Your current VSC settings will never change unless you run pw ide commands. Since the current VSC settings are an artifact built from the three settings files described above, you should avoid manually editing that file; it will be replaced the next time you run pw ide vscode. A backup of your previous settings file will be made, and you can diff it against the new file to see what changed.

These commands will never modify your VSC user settings, which are stored outside of the project repository and apply globally to all VSC instances.

The settings files are system-specific and shouldn’t be checked into the repository, except for the project settings (those with pw_project_), which can be used to define consistent settings for everyone working on the project.

Note that support for VSC can be disabled at the project level or the user level by adding the following to .pw_ide.yaml or .pw_ide.user.yaml respectively:

editors:
  vscode: false

Likewise, it can be enabled by setting that value to true. It is enabled by default.

Design#

Supporting clangd for Embedded Projects#

There are three main challenges that often prevent clangd from working out-of-the-box with embedded projects:

  1. Embedded projects cross-compile using alternative toolchains, rather than using the system toolchain. clangd doesn’t know about those toolchains by default.

  2. Embedded projects (particularly Pigweed project) often have multiple targets that use multiple toolchains. Most build systems that generate compilation databases put all compile commands in a single database, meaning a single file can have multiple, conflicting compile commands. clangd will typically use the first one it finds, which may not be the one you want.
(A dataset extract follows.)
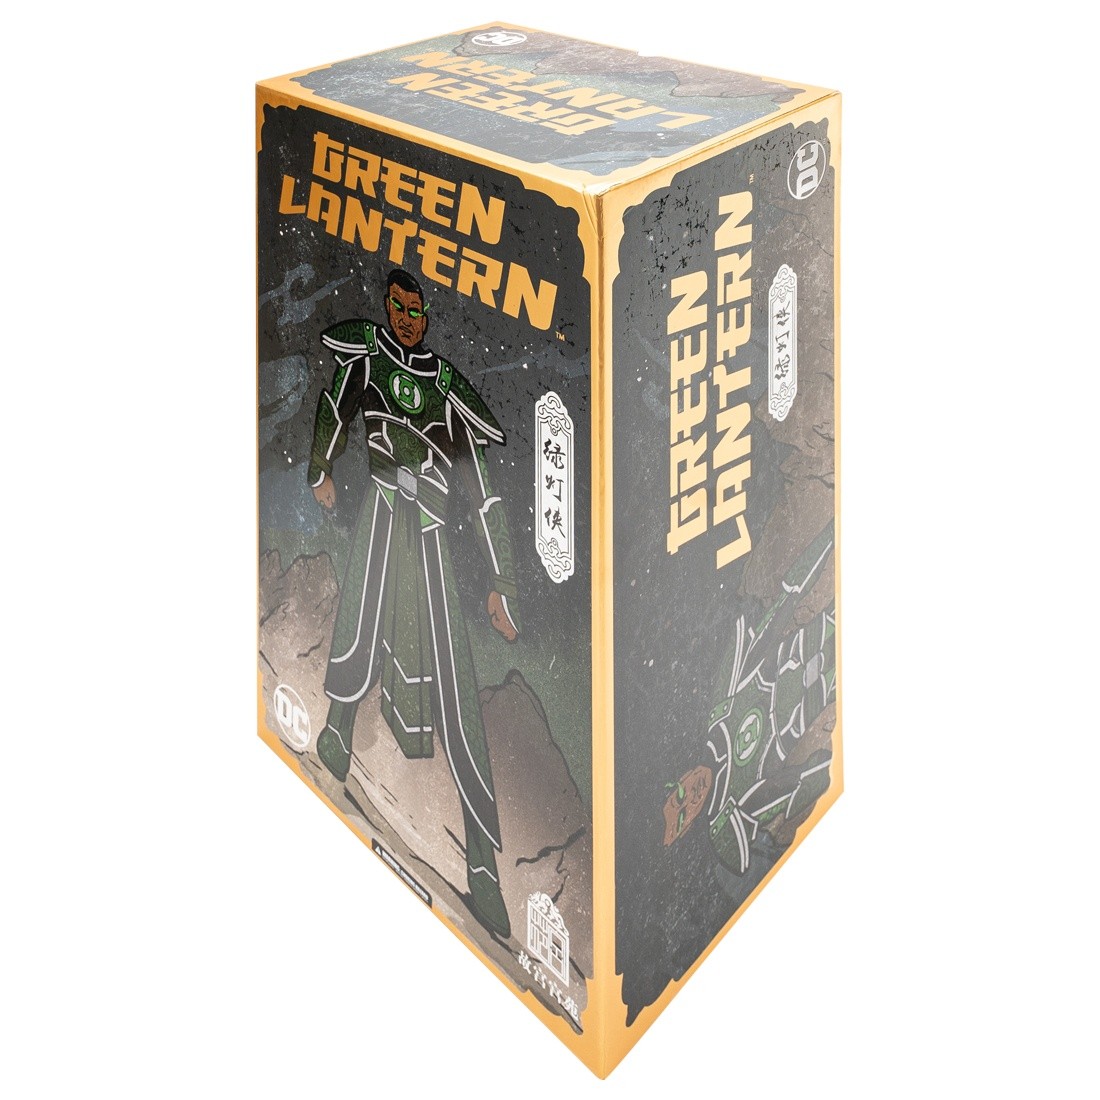 lego green lantern decals
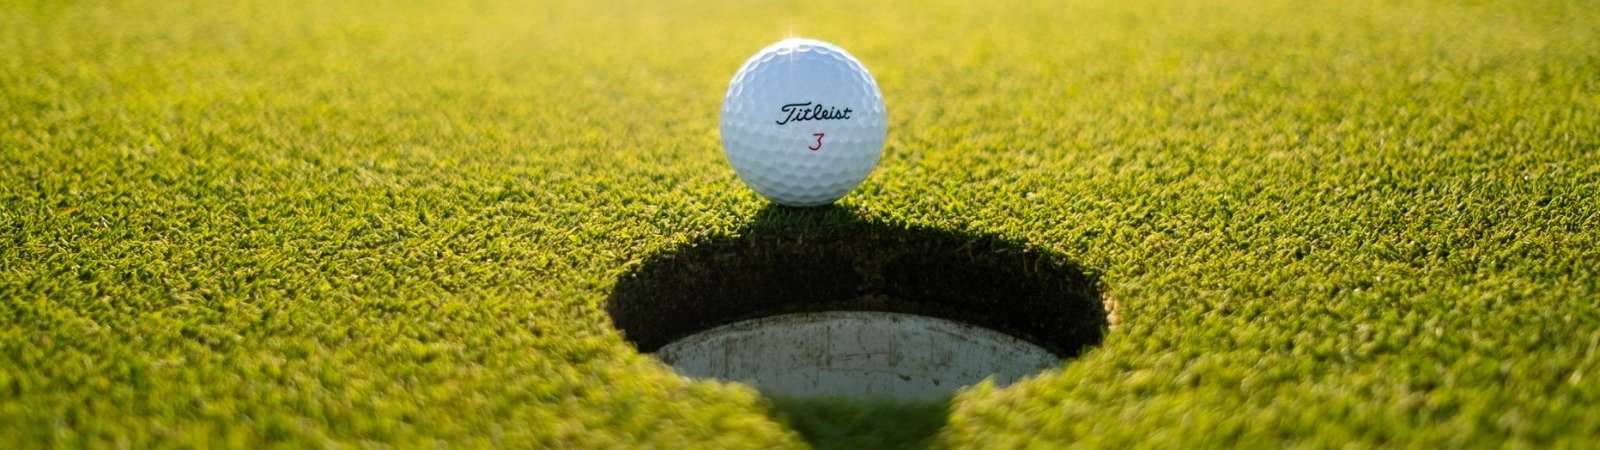 uitzendrechten golf - live golf kijken - major - pga tour kijken - waar golf kijken

  3. Pigweed projects have build steps that use languages other than C/C++. These steps are not relevant to clangd but many build systems will include them in the compilation database anyway.

To deal with these challenges, pw_ide processes the compilation database you provide, yielding one or more compilation databases that are valid, consistent, and specific to a particular target toolchain. This enables code intelligence and navigation features that reflect that build.

After processing a compilation database, pw_ide knows what target toolchains are available and provides tools for selecting which target toolchain is active. These tools can be integrated into code editors, but are ultimately CLI-driven and editor-agnostic. Enabling code intelligence in your editor may be as simple as configuring its language server protocol client to use the clangd command that pw_ide can generate for you.

When to provide additional configuration to support your use cases#

The default configuration for clangd in pw_ide should work without additional configuration as long as you’re using only toolchains provided by Pigweed and your native host toolchain. If you’re using other toolchains, keep reading.

clangd needs two pieces of information to use a toolchain:

  1. A path to the compiler, which will be taken from the compile command.

  2. The same compiler to be reflected in the query driver argument provided when running clangd.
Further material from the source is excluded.